United States v. Champlin Refining Company/Dissent Douglas
United States Supreme Court
United States v. Champlin Refining Company
Argued: March 8, 9, 1951. --- Decided: May 7, 1951
Mr. Justice DOUGLAS, with whom Mr. Justice REED and Mr. Justice BURTON concur, concurring in part and dissenting in part.

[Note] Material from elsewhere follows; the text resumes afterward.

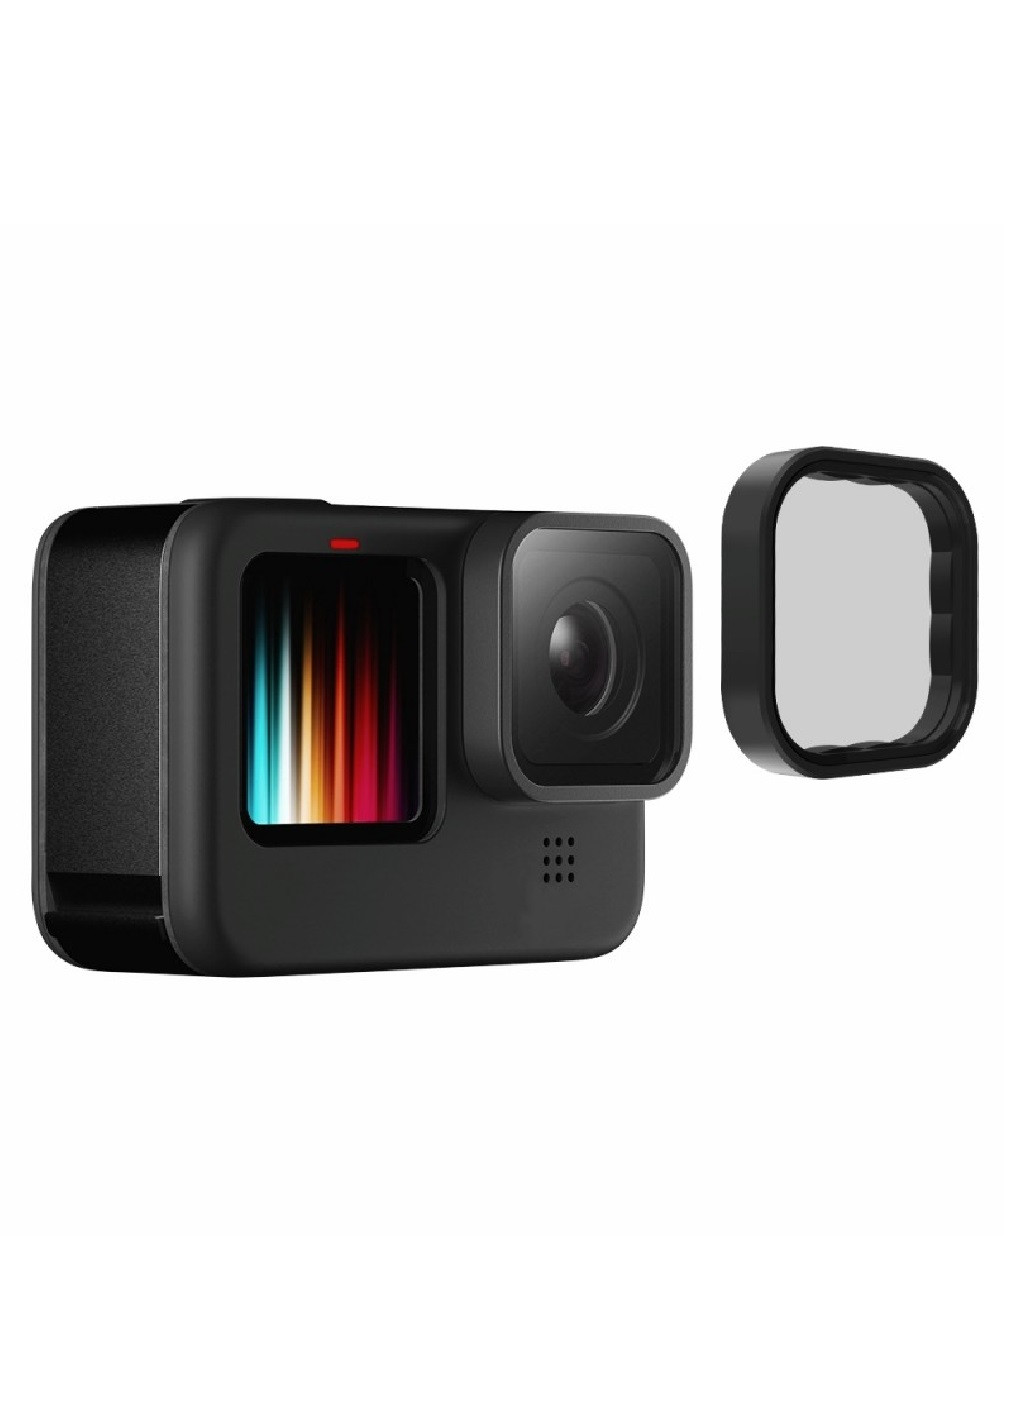 Набор комплект из 3 нейтральных ND светофильтров с коробкой футляром для экшн камер GoPro Hero 9, 10, 11 Black (475049-Prob) Unbranded (260949372)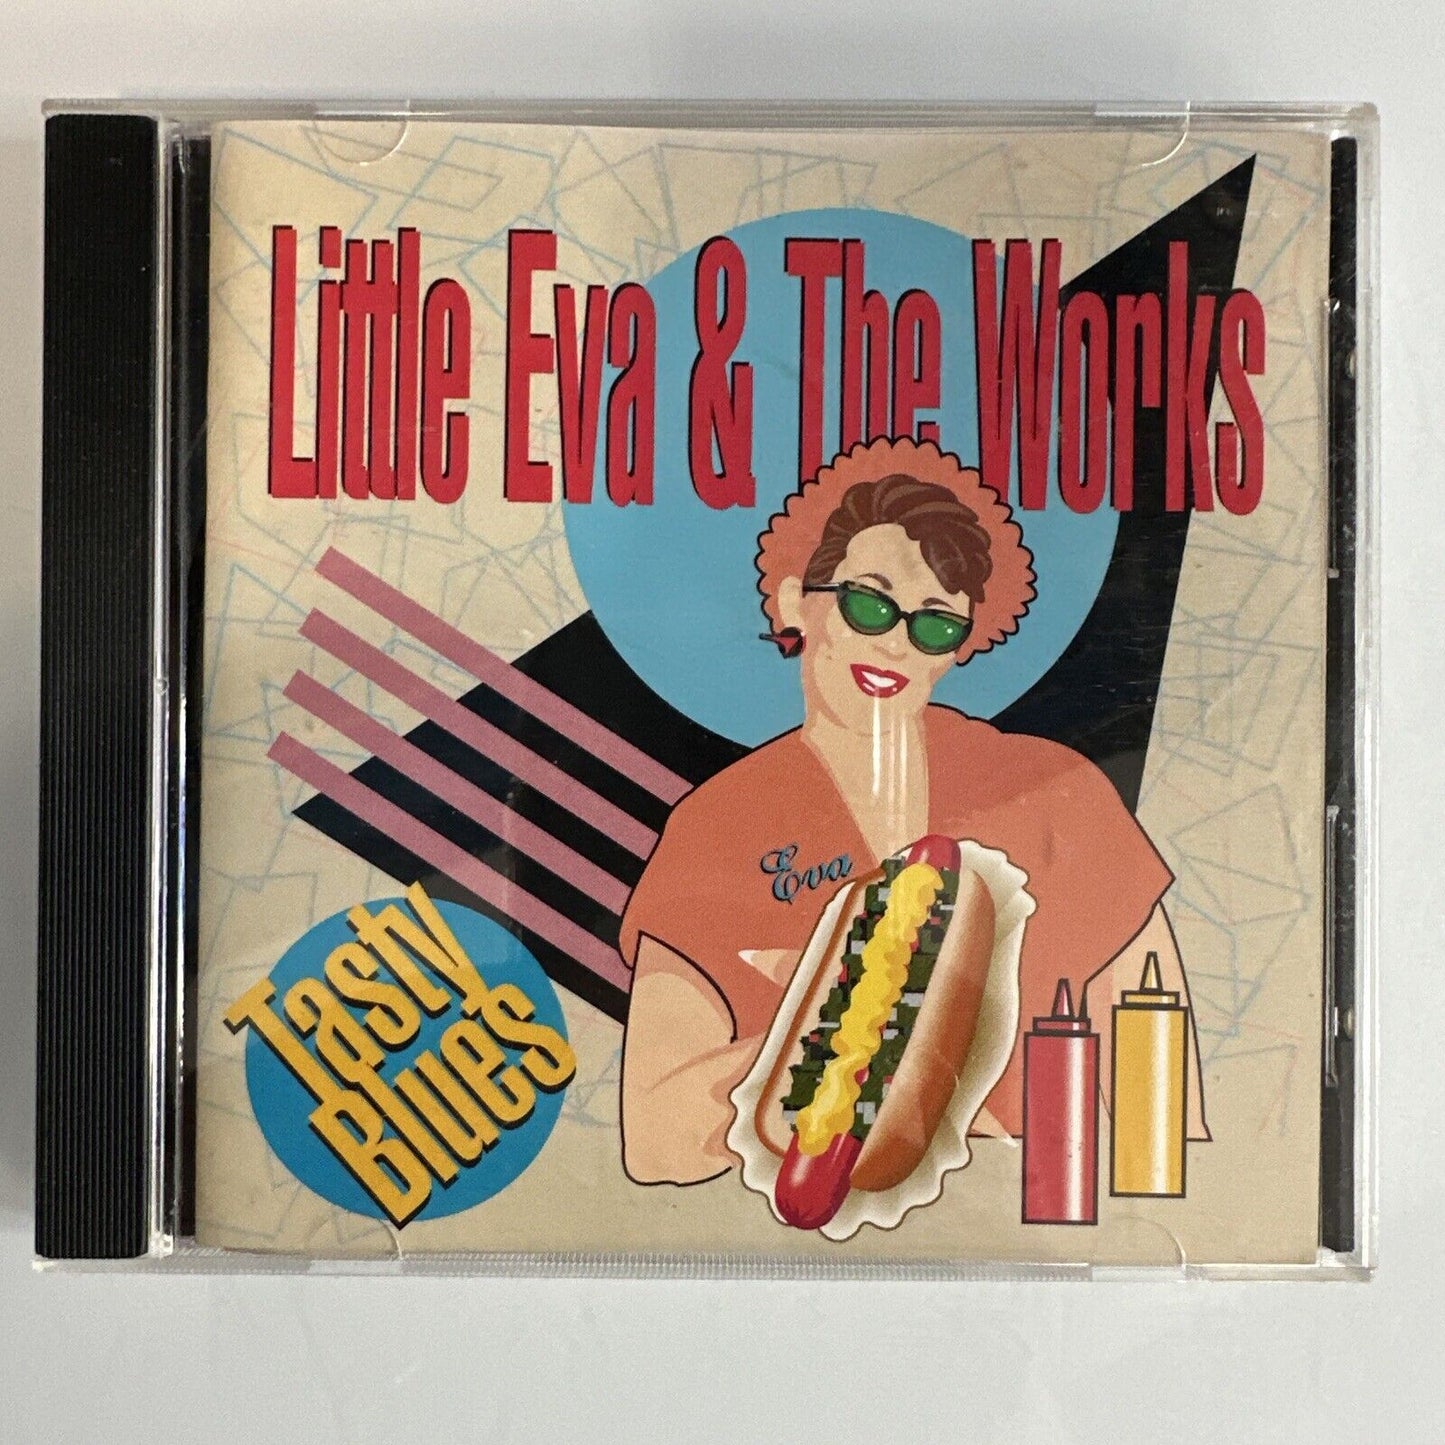 USED CD - Little Eva & The Works - Tasty Blues

The term 'common carrier' has but one meaning in the Act-the meaning given it by § 1. That definition was held in Champlin Refining Co. v. United States, 329 U.S. 29, 67 S.Ct. 1, 91 L.Ed. 22, sufficiently broad to include appellee. Section 19a was involved there and § 6 is involved here. That may make a constitutional difference; but there can be none so far as the statute is concerned. Since § 6, like § 19a, can reach appellee only through § 1, if § 1 is broad enough for the one section it is broad enough for the other. As the Court in its several decisions has not been consistent in its interpretation of the scope of the Act as applied to private pipe lines, I feel free to follow the precedent of the Pipe-Line Cases, 234 U.S. 548, 561 562, 34 S.Ct. 956, 58 L.Ed. 1459, and the view expressed in the dissent in Champlin Refining Co. v. United States, 329 U.S. 29, 67 S.Ct. 1, 91 L.Ed. 22, that pipe lines carrying only the commodities of their owners from the owners' refineries to the owners' storage tanks for marketing have not been made by Congress subject to the Act. Consequently, I agree that § 1 is not broad enough to bring appellee under the regulatory power of the Interstate Commerce Commission. Therefore, neither § 6 nor § 20 applies.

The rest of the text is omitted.